The ruler of Qatar Sheikh Tamim Bin Hamad Al Thani stressed that the collapse of oil and gas prices that has been going on for more than a year calls for a reduced dependency on the state, announcing that strict budget measures will be oriented towards efficiency in government spending.
Sheikh Tamim, who was addressing the 45-member Advisory Council, Qatar’s main consultative body since there is no independent legislature, urged the citizens to undertake personal initiatives because the government can no longer “provide for everything,” alluding that the era of the providential state is over.

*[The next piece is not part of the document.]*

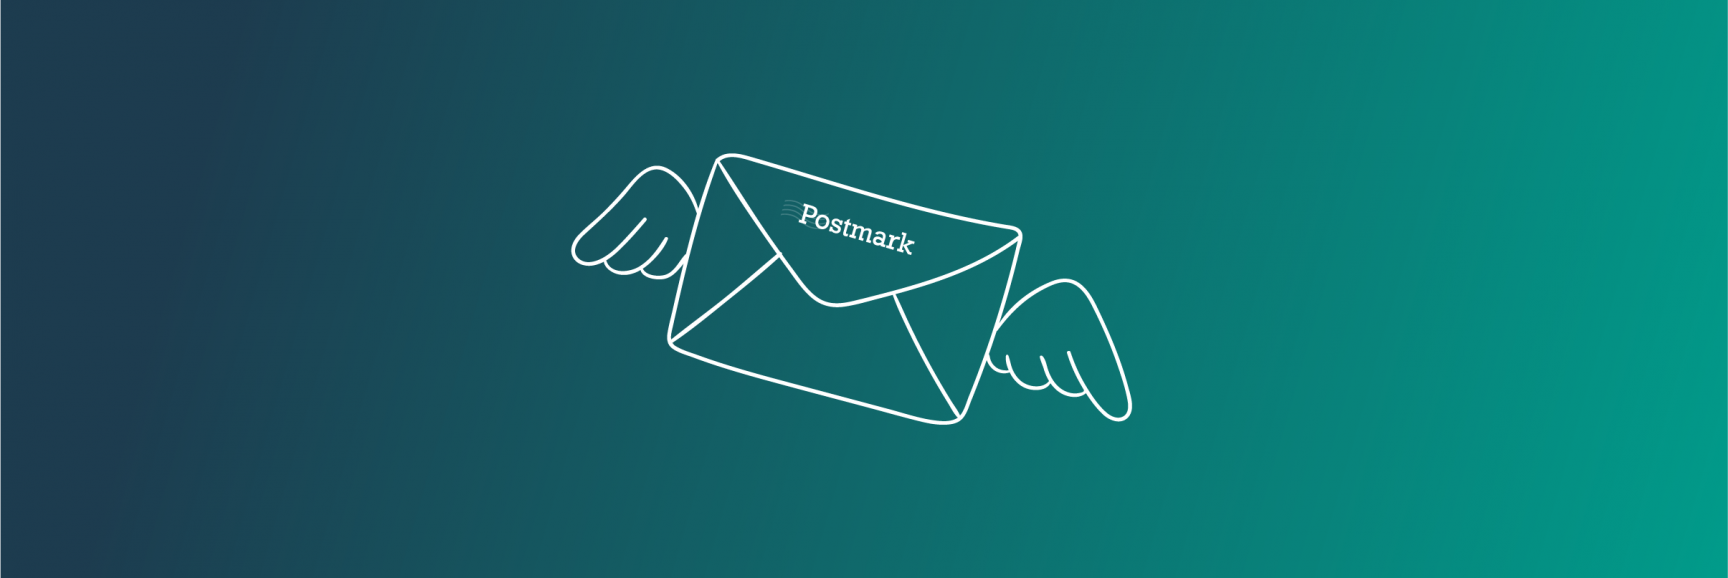 header voor blogpost over beter mailverkeer via postmark

Qatar’s earning from hydrocarbons has dropped by 40% when compared to last year and Sheikh Tamim thinks that it is an opportunity to correct the existing “negative phenomena” notably wasteful spending, overstaffing, absence of accountability and dependency on the state to provide everything. He said such an atmosphere blew away the “motivation of individuals to take initiatives and be progressive.”

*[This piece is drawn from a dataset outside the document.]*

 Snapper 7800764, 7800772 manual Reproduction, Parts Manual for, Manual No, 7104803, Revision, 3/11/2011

The next budget will promote growth and expansion in non-oil sectors to diversify the economy and will cut spending, Sheikh Tamim said, warning that “financial and administrative corruption, or abuse of public positions for private purposes, or abandoning professional standards for a personal interest” will not be tolerated. He believes that cutting spending will encourage citizens to be creative, innovative and “reject self-delusion.”
Qatar admitted it is facing a fiscal shortfall of 4.9% of Gross Domestic Product in 2016 and of 3.7% in 2017 due to low oil prices.
In a latent warning to state-owned companies, Sheikh Tamim said some of them will have their subsidies removed while others will be privatized and also urged to stop being “patrons” of the state and instead create a more robust private sector.